Я только что проверил водонепроницаемые переборки и направлялся на мостик, как до моих ушей донесся странный металлический звук и весь корабль содрогнулся, словно от боли. Первым делом я решил, что в нас попала торпеда, но как оказалось, это мы сами вели огонь. Матросы на палубе суетились вокруг катапульт и запускали одну глубинную бомбу за другой, а в это время эхолот на мостике нашел еще одну цель с правого борта. Тем не менее командир конвоя приказал нам покинуть строй и вступить в бой с подводными лодками. Волны швыряли «Замбези» то вверх, то вниз, то вправо, то влево, а наблюдатели и акустики пытались вовремя заметить приближающуюся торпеду. Вскоре мы услышали сигнал эхолота и поменяли курс, чтобы перехватить еще одну субмарину. Через некоторое время она оказалась прямо под нами.
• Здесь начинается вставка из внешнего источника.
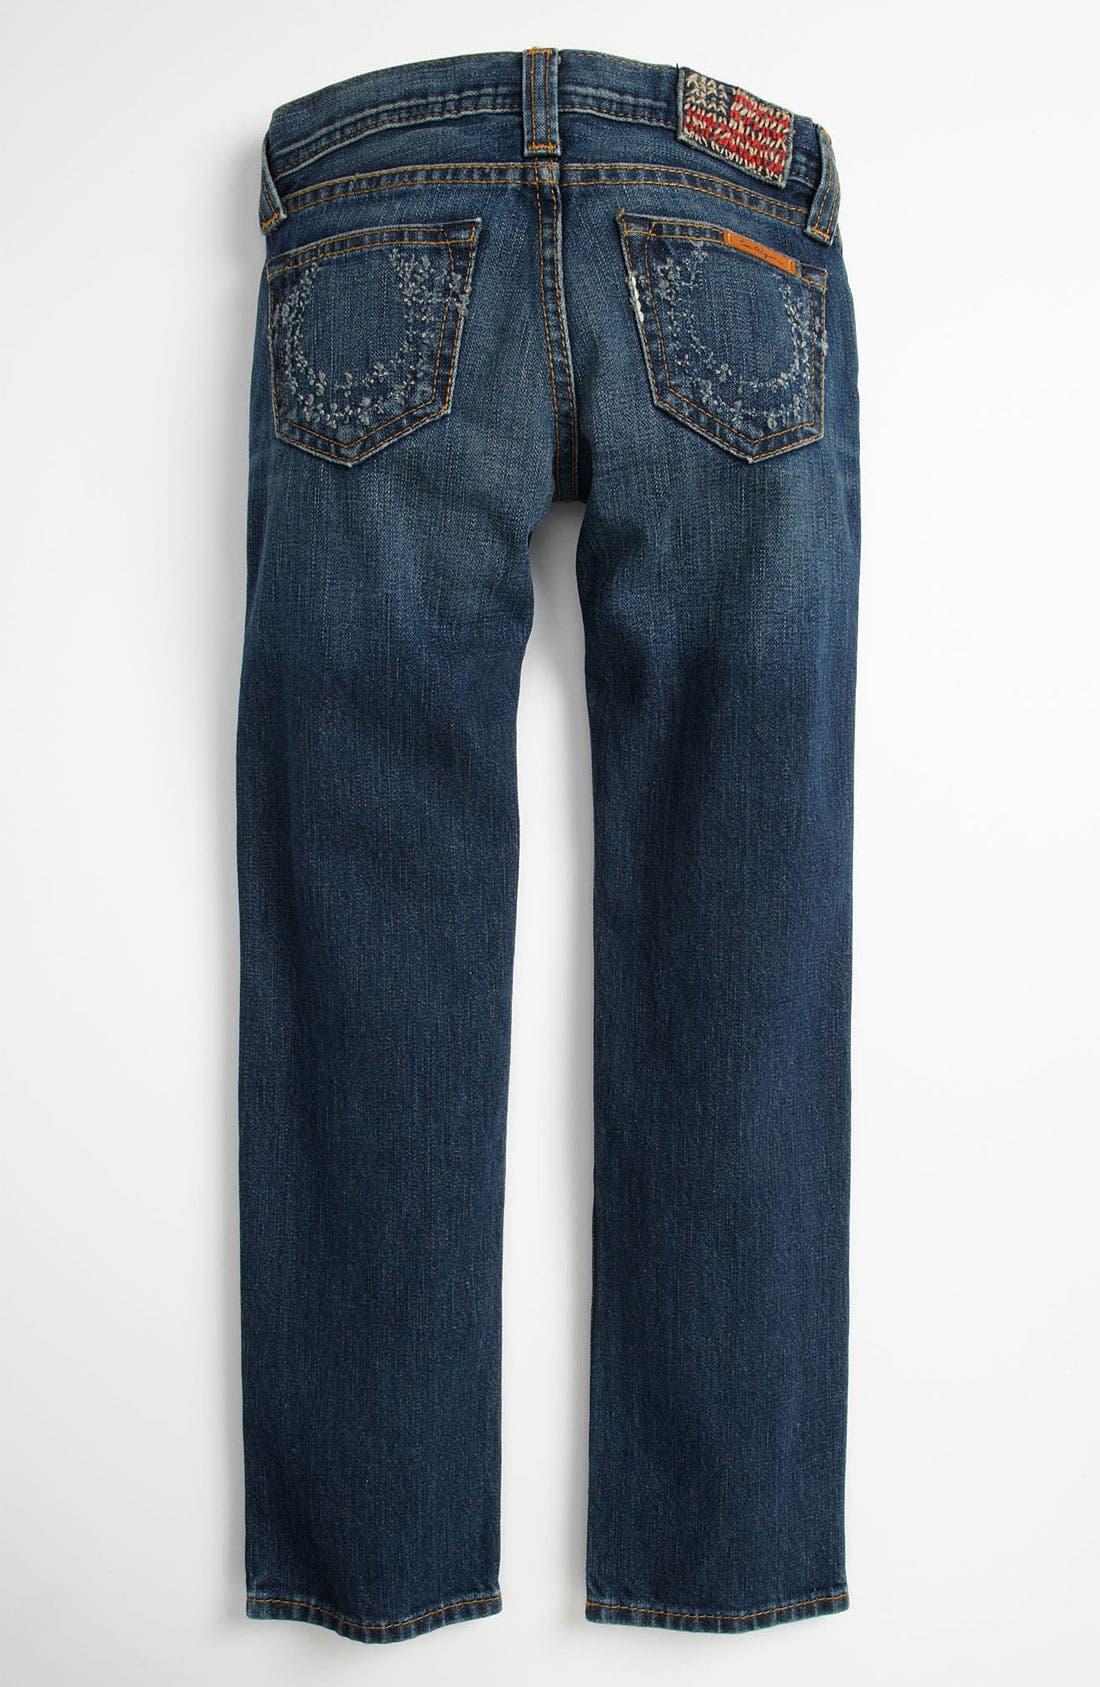 Main Image - True Religion Brand Jeans 'Rocco Phantom' Skinny Jeans (Big Boys)
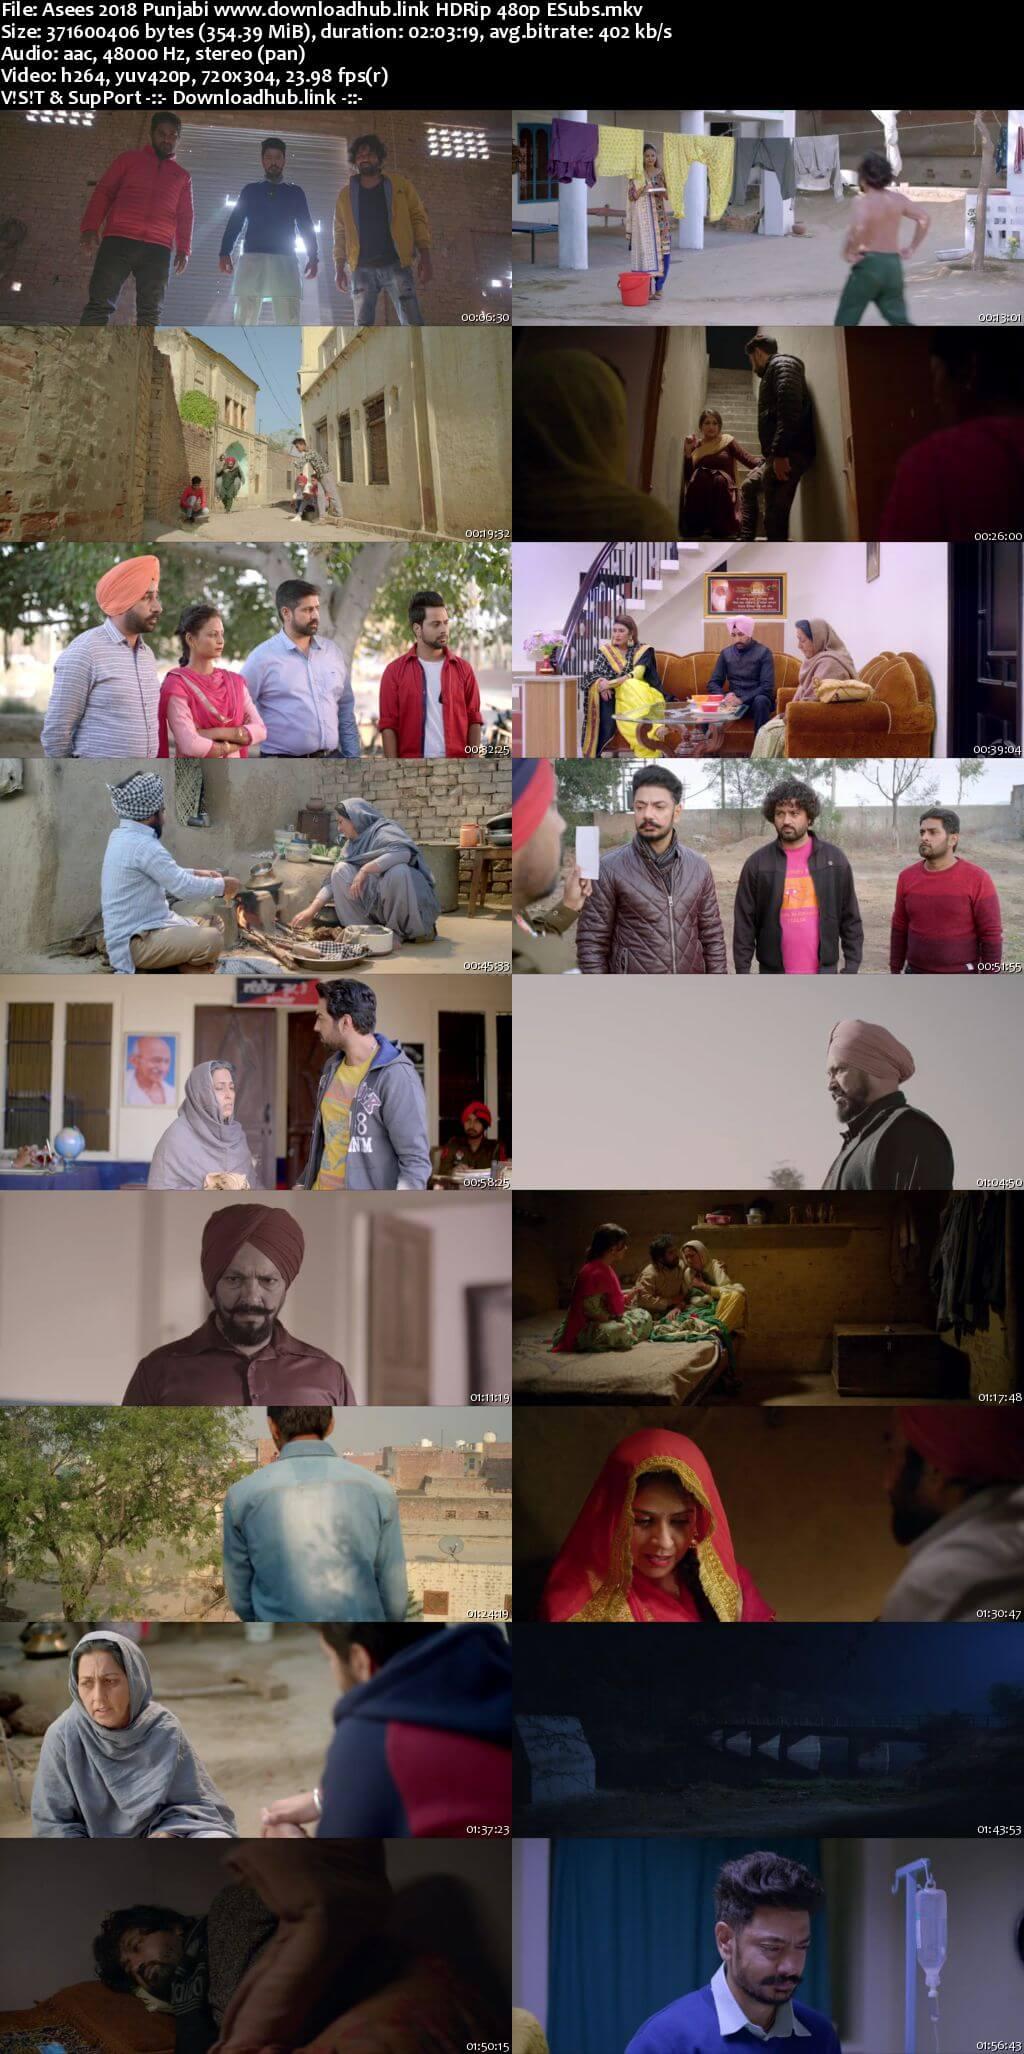 Asees 2018 Punjabi 350MB HDRip 480p ESubs

Затем навигационные приборы начали давать сбои, и пока мы их чинили, оказалось, что мы отстали от конвоя. Мы разогнались до двадцати узлов и на Полярном круге догнали своих. Но тем временем шторм разыгрался совсем уж не на шутку. Волны вздымались, словно водяные горы, и обрушивали на бедный эсминец удары страшной силы. Он вздрагивал, как породистый жеребец под кнутом, но продолжал бой с морским чудовищем.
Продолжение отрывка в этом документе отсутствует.